▼▼▼

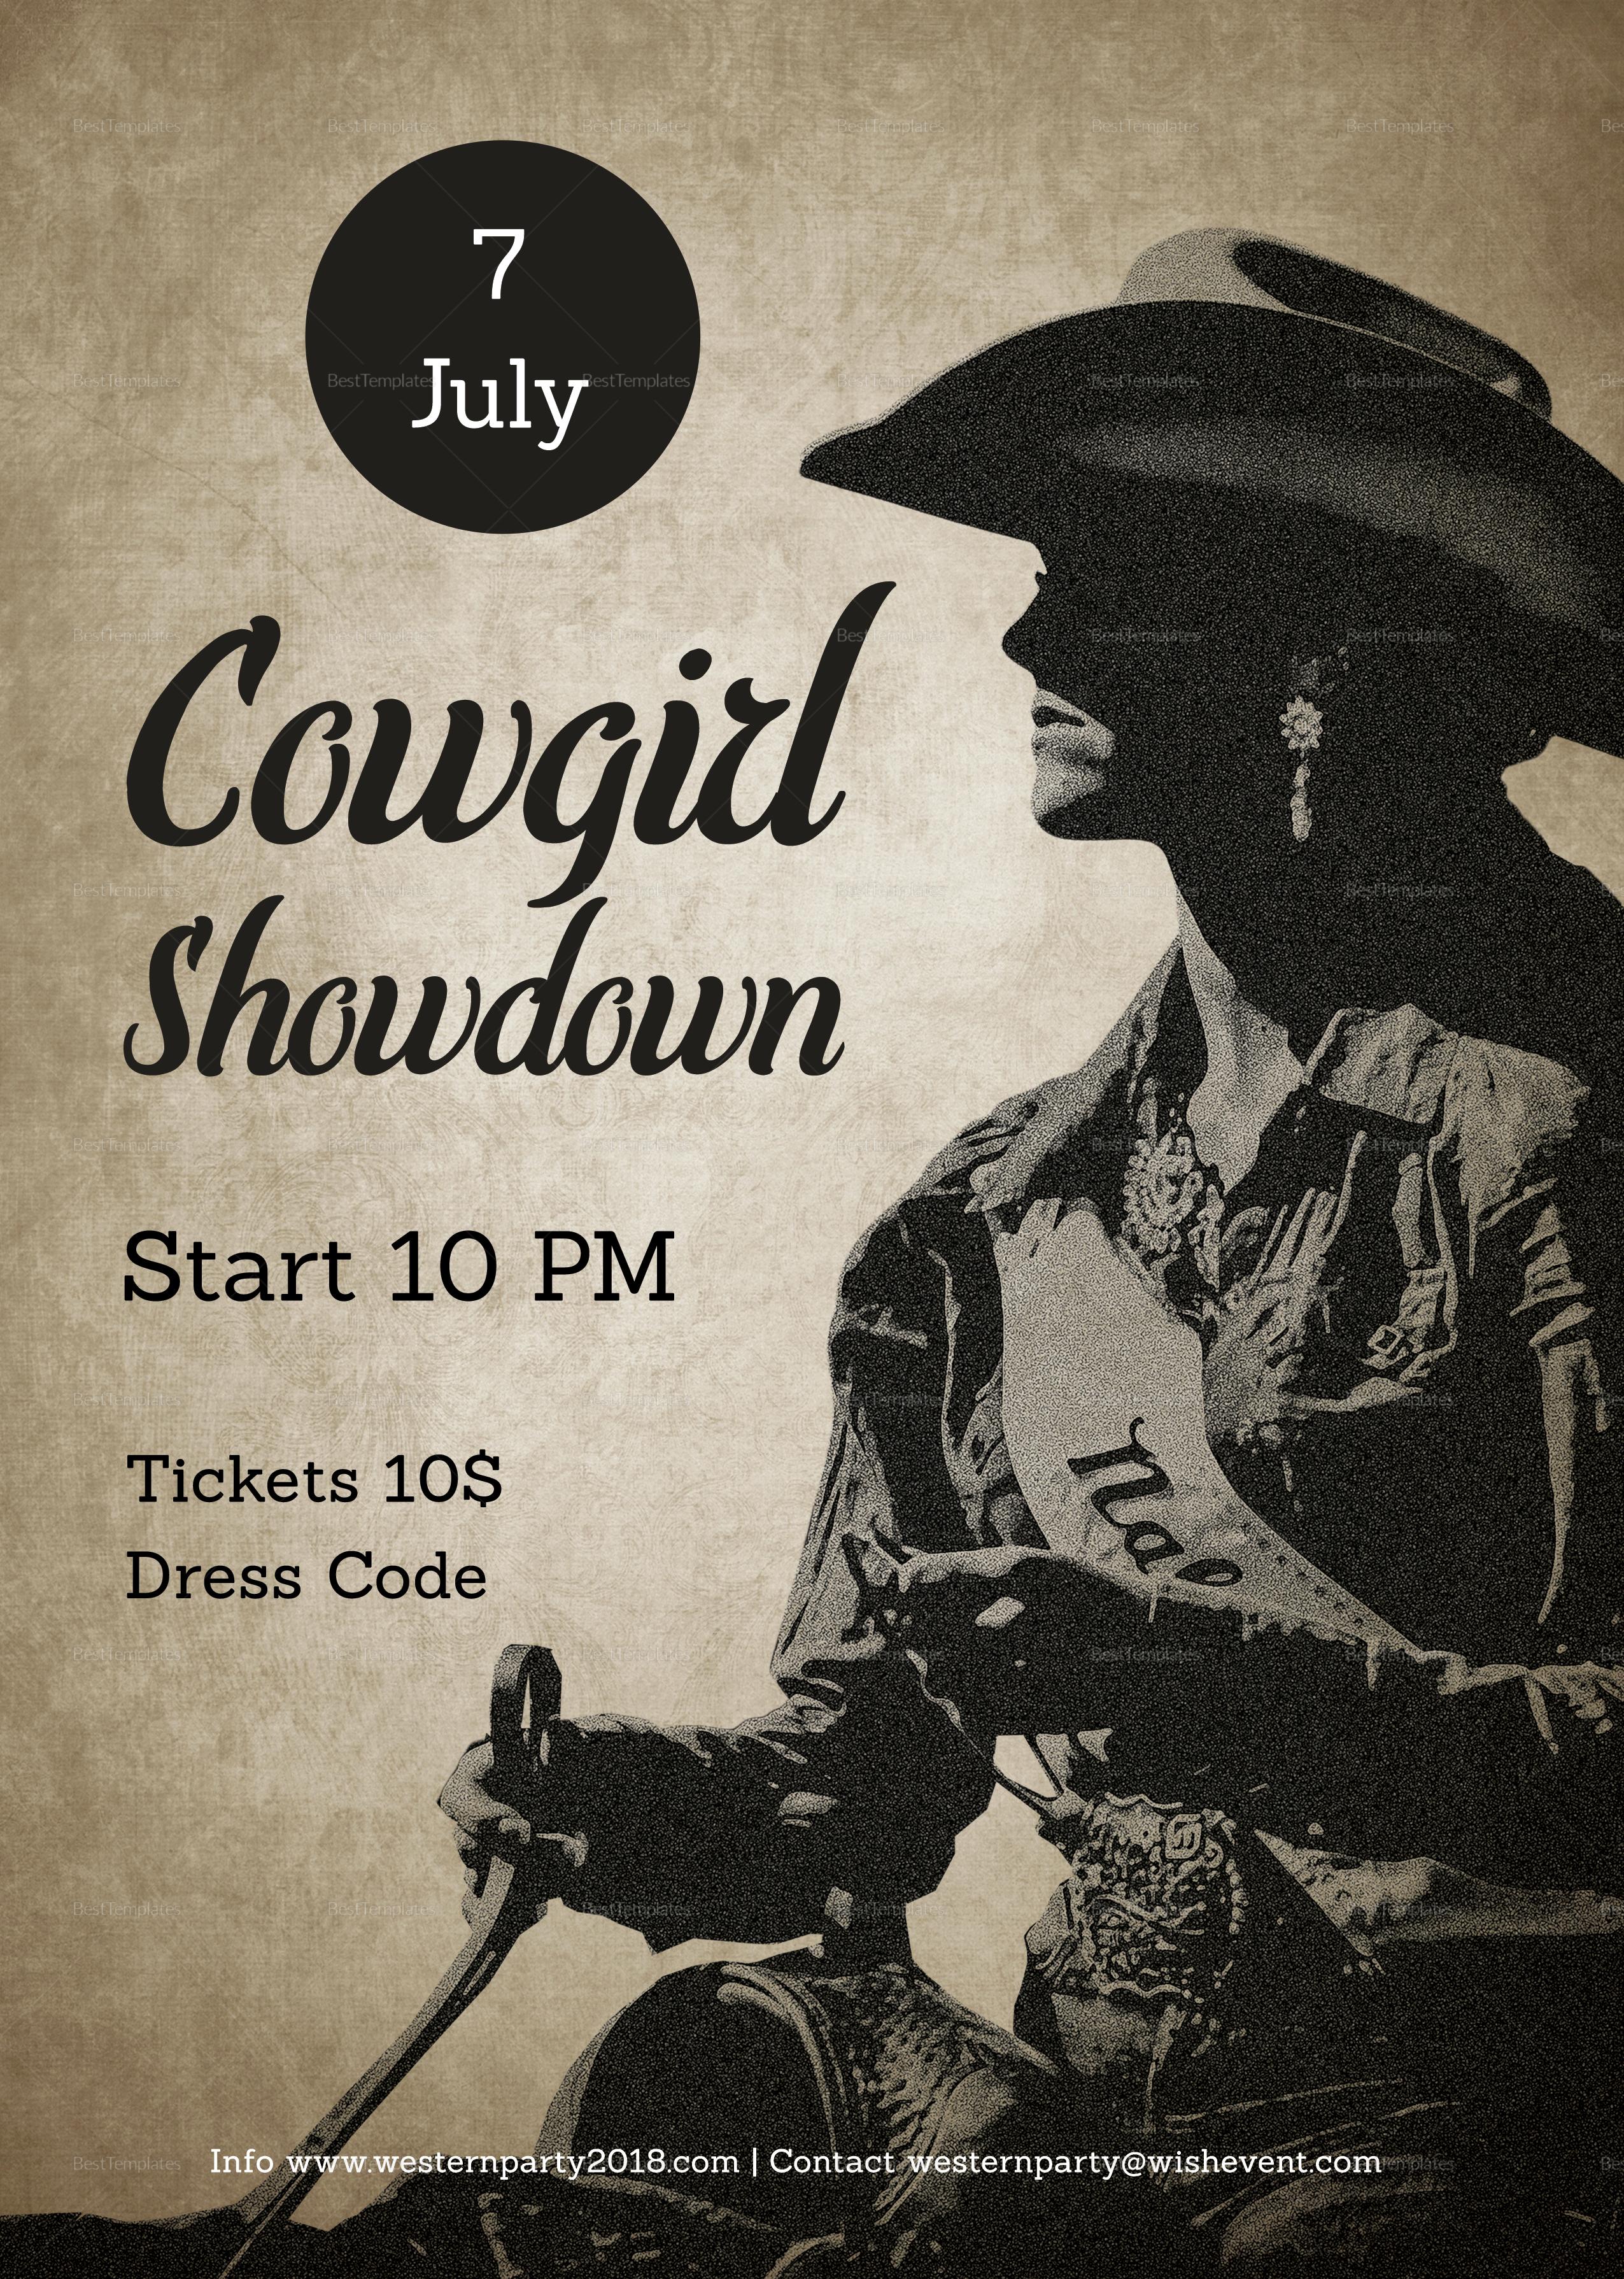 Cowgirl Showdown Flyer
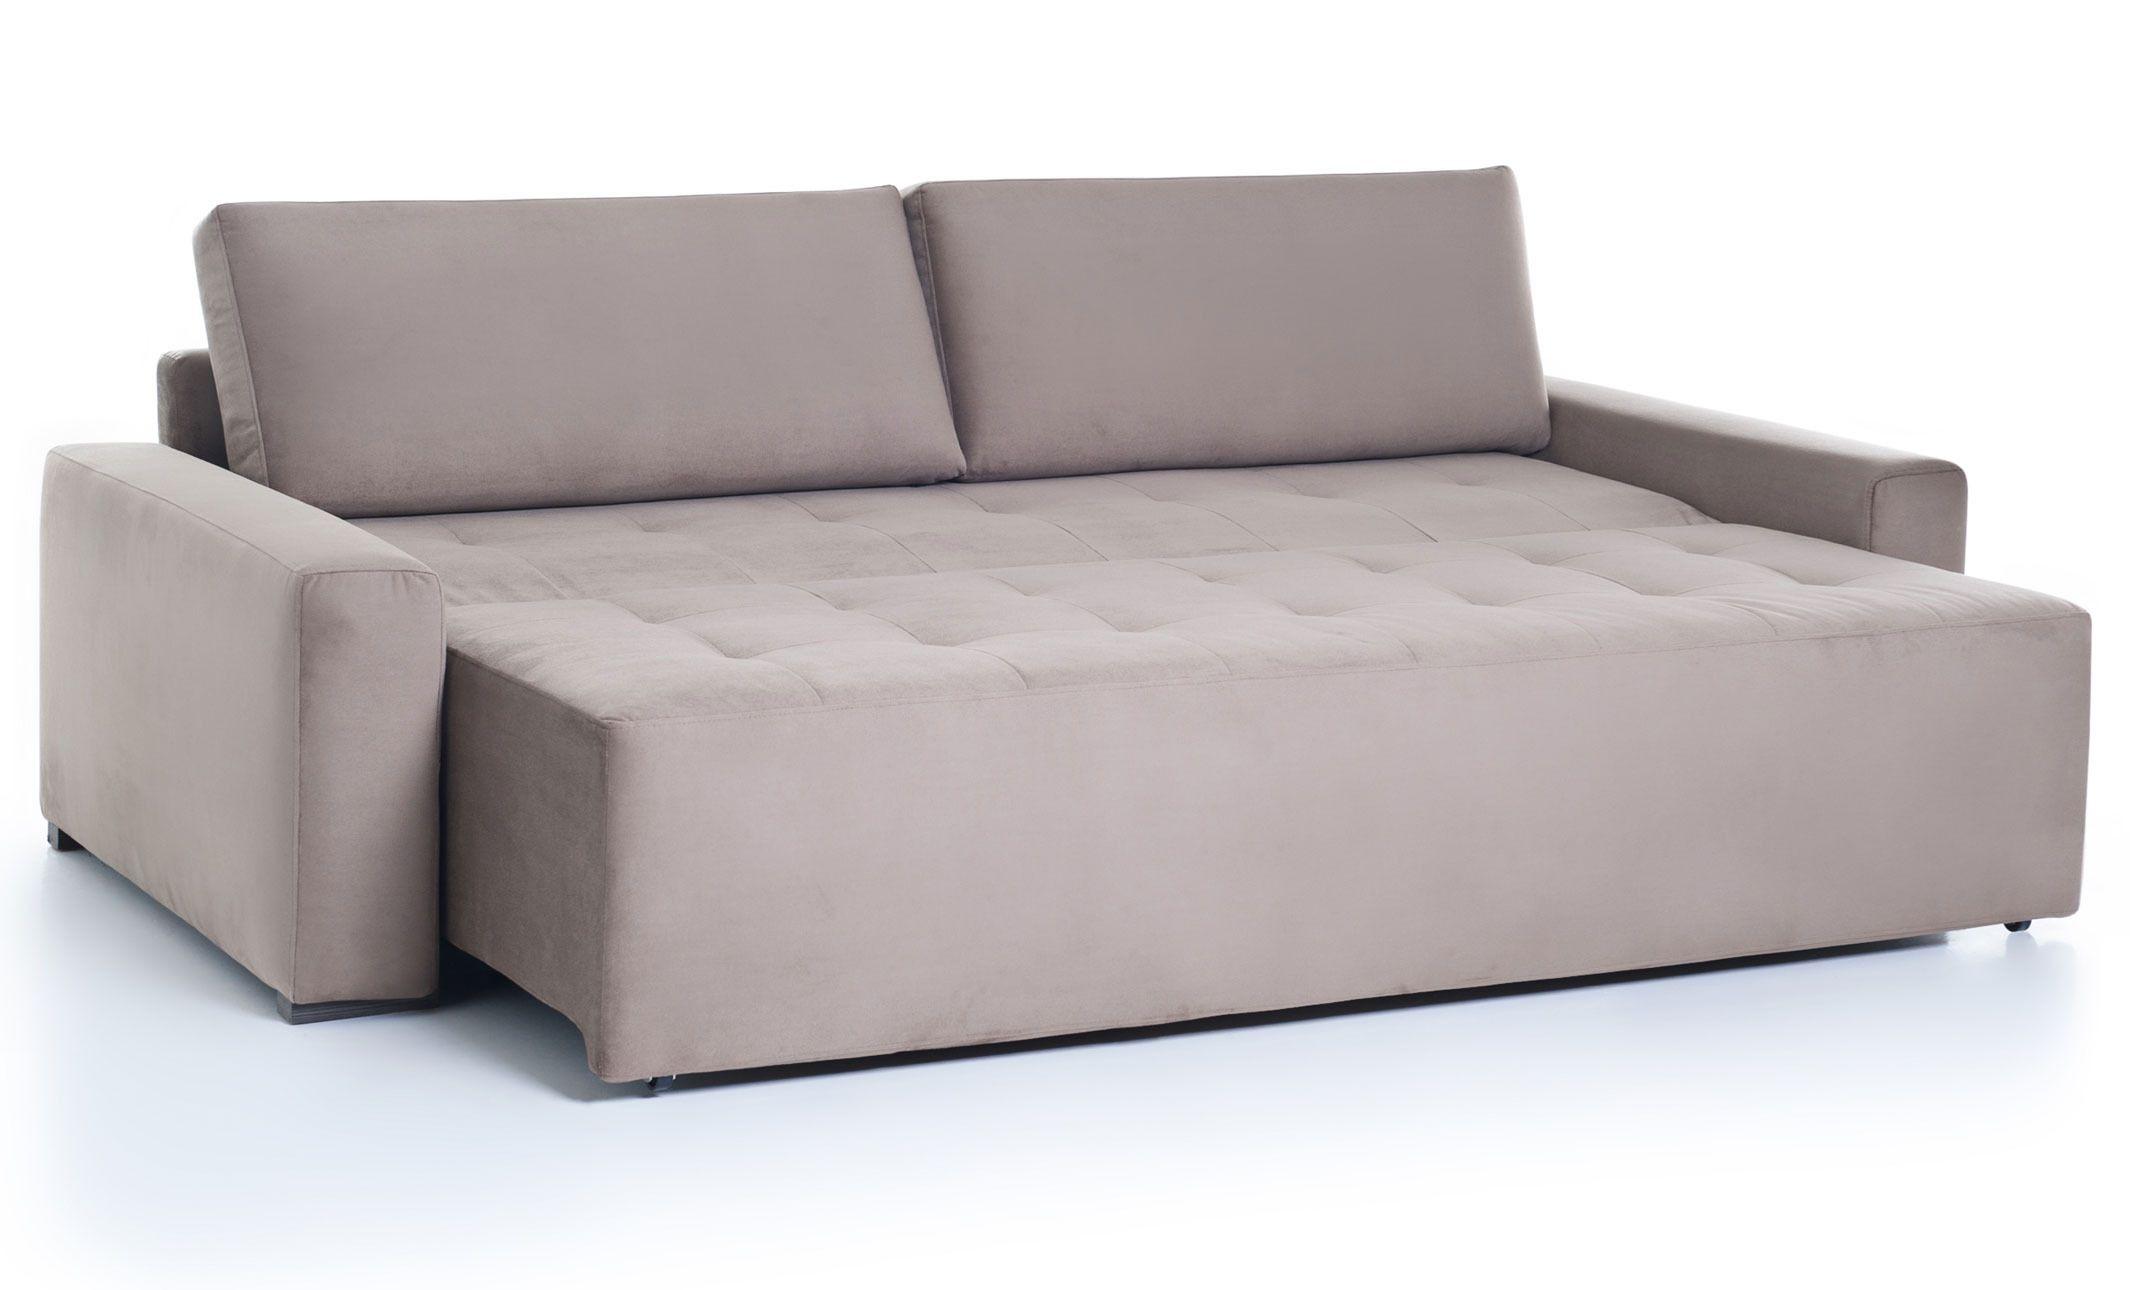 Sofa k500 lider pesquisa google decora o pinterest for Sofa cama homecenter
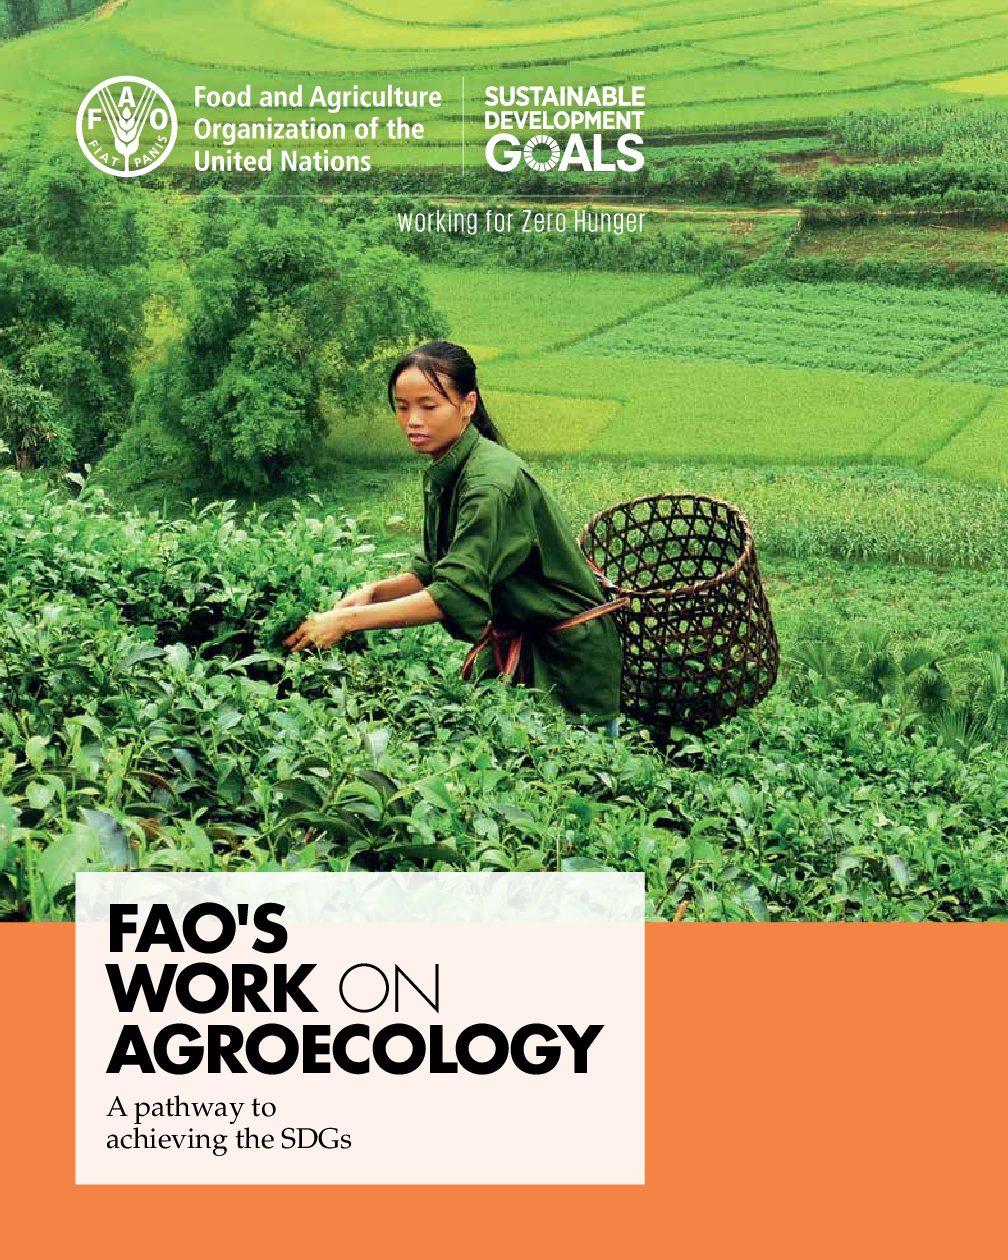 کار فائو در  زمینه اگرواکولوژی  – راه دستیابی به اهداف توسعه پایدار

▲▲▲

> TASK DESCRIPTION
In this exercise, set down all of the data exactly, without the pictures.

> ANSWER TO THIS EXERCISE
 Cowgirl Showdown Flyer
 Sofa k500 lider pesquisa google decora o pinterest for Sofa cama homecenter
 کار فائو در  زمینه اگرواکولوژی  – راه دستیابی به اهداف توسعه پایدار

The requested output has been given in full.